The Hungarian National Bank (MNB) is expected to keep its interest rates on hold at 0.9 percent during its meeting on Tuesday, said Societe Generale in a research report. Also, the Council is likely to keep the interest rate corridor steady with the overnight lending rate on hold at 1.15 percent.
Given that the country is facing continuous disinflationary pressures, decelerating GDP growth and enhanced investor risk perception, there is additional space for policy rates to drop further. The Hungarian central bank does not forecast inflation nearing the target rate of 3 percent until the first half of 2018.
Following the central bank’s recent hawkish tone, there is a drop in the attractiveness of Hungarian assets. The MPC’s May meeting minutes had stated that the Council intends to adopt a cautious approach regarding monetary policy decisions due to the diminishing attractiveness of Hungary’s assets. According to the May meeting minutes “forward-looking money market real interest rates are in negative territory and are declining even further as inflation rises”.
Weak global risk environment, policy credibility and expectations of improving GDP growth underpin the case for the central bank to keep some policy ammunition. Moreover, the central bank also projects the GDP growth to rebound in the second half of 2016 in the absence of negative one-off factors and with the help of positive contribution of the Growth Supporting Program and higher household consumption, according to Societe Generale.

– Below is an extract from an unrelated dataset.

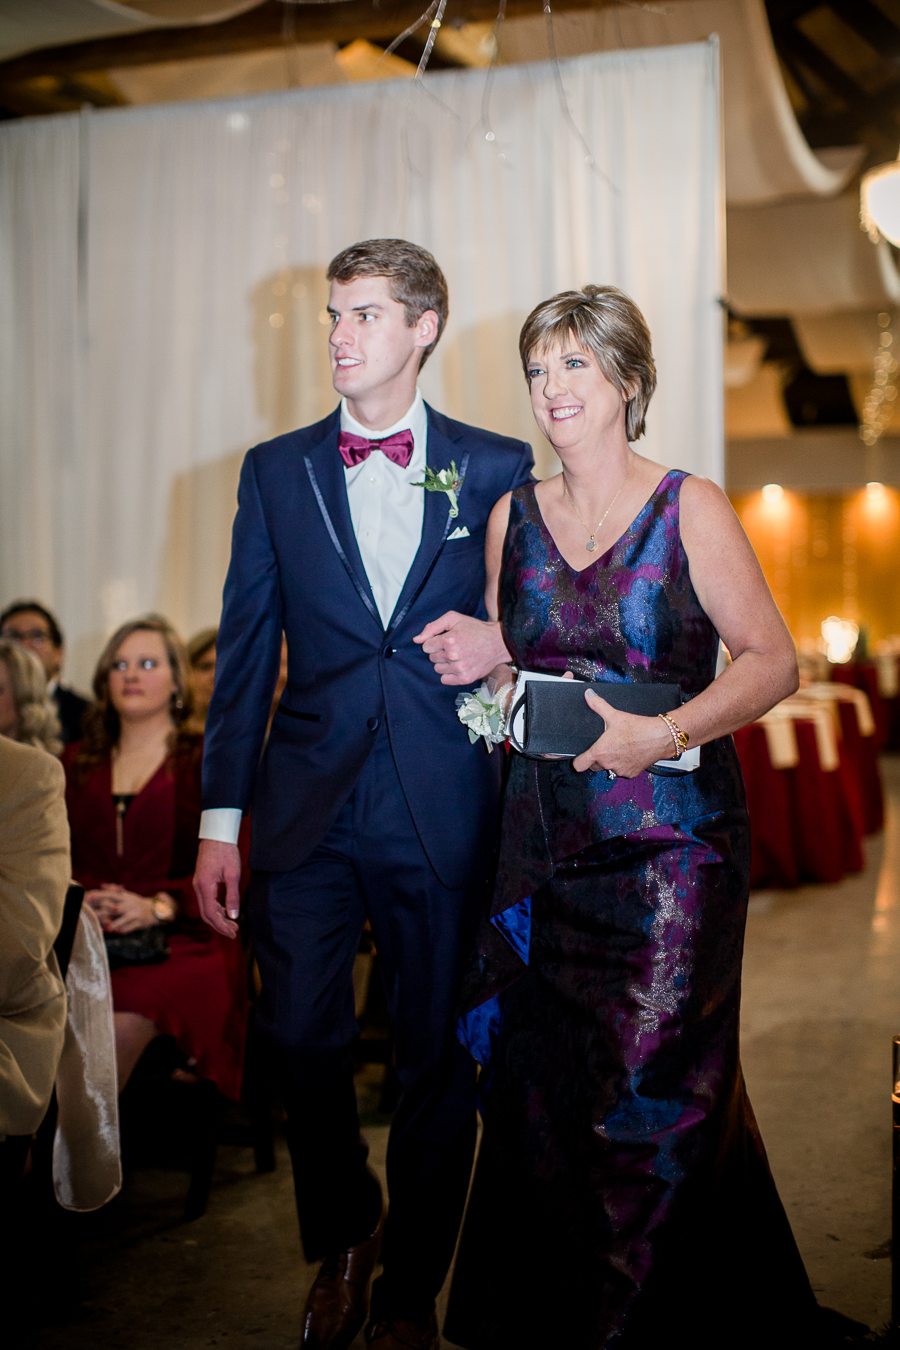 Mother of the bride being escorted down the aisle by her son during the ceremony pictures at this winter wedding at Knoxville Wedding Venue, Jackson Terminal, by Knoxville Wedding Photographer, Amanda May Photos.

Factors underpinning the case for unchanged interest rates are the central bank’s May statement that it has (temporarily) reached the end of the easing cycle and susceptibility to global risk events such as the UK referendum on EU membership. The May minutes had also stressed the risk of UK leaving the EU and shifts about market projections of global central banking actions as reasons to move cautiously.
“Given the precedent set at the March 22, 2016 MPC meeting and the perplexing changes in forward guidance since the beginning of the year, we would not dismiss the possibility of another outright cut later this year,” added Societe Generale.